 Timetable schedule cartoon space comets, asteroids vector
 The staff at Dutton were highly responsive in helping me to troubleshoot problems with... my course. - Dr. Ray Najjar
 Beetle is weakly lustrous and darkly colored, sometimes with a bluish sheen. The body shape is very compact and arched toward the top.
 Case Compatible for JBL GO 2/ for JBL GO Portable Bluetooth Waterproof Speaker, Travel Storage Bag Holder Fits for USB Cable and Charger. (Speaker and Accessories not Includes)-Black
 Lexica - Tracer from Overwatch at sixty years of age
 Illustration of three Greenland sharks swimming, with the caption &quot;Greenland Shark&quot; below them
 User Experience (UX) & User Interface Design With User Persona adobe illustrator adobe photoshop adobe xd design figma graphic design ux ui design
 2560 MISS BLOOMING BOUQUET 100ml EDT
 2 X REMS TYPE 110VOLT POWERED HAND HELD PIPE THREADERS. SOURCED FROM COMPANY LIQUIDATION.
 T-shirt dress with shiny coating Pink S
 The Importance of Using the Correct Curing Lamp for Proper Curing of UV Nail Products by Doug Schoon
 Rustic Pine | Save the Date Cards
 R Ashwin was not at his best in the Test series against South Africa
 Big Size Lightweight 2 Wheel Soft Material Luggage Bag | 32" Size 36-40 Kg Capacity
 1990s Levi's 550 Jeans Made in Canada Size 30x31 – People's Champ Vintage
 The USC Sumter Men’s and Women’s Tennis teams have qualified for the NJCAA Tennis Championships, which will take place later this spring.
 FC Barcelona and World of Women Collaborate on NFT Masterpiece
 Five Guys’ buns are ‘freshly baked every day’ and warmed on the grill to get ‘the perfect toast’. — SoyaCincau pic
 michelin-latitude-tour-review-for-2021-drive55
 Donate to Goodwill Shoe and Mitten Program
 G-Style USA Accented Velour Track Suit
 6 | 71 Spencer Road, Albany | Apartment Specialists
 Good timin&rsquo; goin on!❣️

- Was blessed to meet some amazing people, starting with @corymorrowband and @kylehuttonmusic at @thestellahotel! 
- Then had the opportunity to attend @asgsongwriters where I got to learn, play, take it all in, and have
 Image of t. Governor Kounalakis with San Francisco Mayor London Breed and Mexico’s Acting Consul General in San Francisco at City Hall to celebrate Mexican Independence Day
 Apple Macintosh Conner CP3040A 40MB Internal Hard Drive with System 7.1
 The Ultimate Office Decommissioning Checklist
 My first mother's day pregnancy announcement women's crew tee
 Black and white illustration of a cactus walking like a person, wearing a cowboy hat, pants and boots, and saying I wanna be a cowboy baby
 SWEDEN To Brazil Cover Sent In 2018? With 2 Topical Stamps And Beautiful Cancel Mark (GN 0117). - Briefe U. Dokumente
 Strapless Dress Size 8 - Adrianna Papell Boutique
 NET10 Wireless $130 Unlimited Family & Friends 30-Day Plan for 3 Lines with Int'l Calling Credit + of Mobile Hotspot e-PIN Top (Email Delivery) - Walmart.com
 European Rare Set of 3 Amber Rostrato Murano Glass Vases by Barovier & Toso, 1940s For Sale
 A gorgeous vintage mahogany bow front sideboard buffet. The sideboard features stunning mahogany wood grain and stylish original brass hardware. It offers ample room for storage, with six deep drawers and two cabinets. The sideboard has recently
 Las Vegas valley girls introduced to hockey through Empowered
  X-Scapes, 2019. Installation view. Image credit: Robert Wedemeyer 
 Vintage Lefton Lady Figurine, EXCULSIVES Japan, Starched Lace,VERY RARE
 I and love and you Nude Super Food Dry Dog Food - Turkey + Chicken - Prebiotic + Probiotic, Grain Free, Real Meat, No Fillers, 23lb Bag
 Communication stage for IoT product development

• _Task prompt_:
Set down nothing but the lines from the one containing "NET10 Wireless $130" through the final line above, exactly as written.

• _Response to this task_:
 NET10 Wireless $130 Unlimited Family & Friends 30-Day Plan for 3 Lines with Int'l Calling Credit + of Mobile Hotspot e-PIN Top (Email Delivery) - Walmart.com
 European Rare Set of 3 Amber Rostrato Murano Glass Vases by Barovier & Toso, 1940s For Sale
 A gorgeous vintage mahogany bow front sideboard buffet. The sideboard features stunning mahogany wood grain and stylish original brass hardware. It offers ample room for storage, with six deep drawers and two cabinets. The sideboard has recently
 Las Vegas valley girls introduced to hockey through Empowered
  X-Scapes, 2019. Installation view. Image credit: Robert Wedemeyer 
 Vintage Lefton Lady Figurine, EXCULSIVES Japan, Starched Lace,VERY RARE
 I and love and you Nude Super Food Dry Dog Food - Turkey + Chicken - Prebiotic + Probiotic, Grain Free, Real Meat, No Fillers, 23lb Bag
 Communication stage for IoT product development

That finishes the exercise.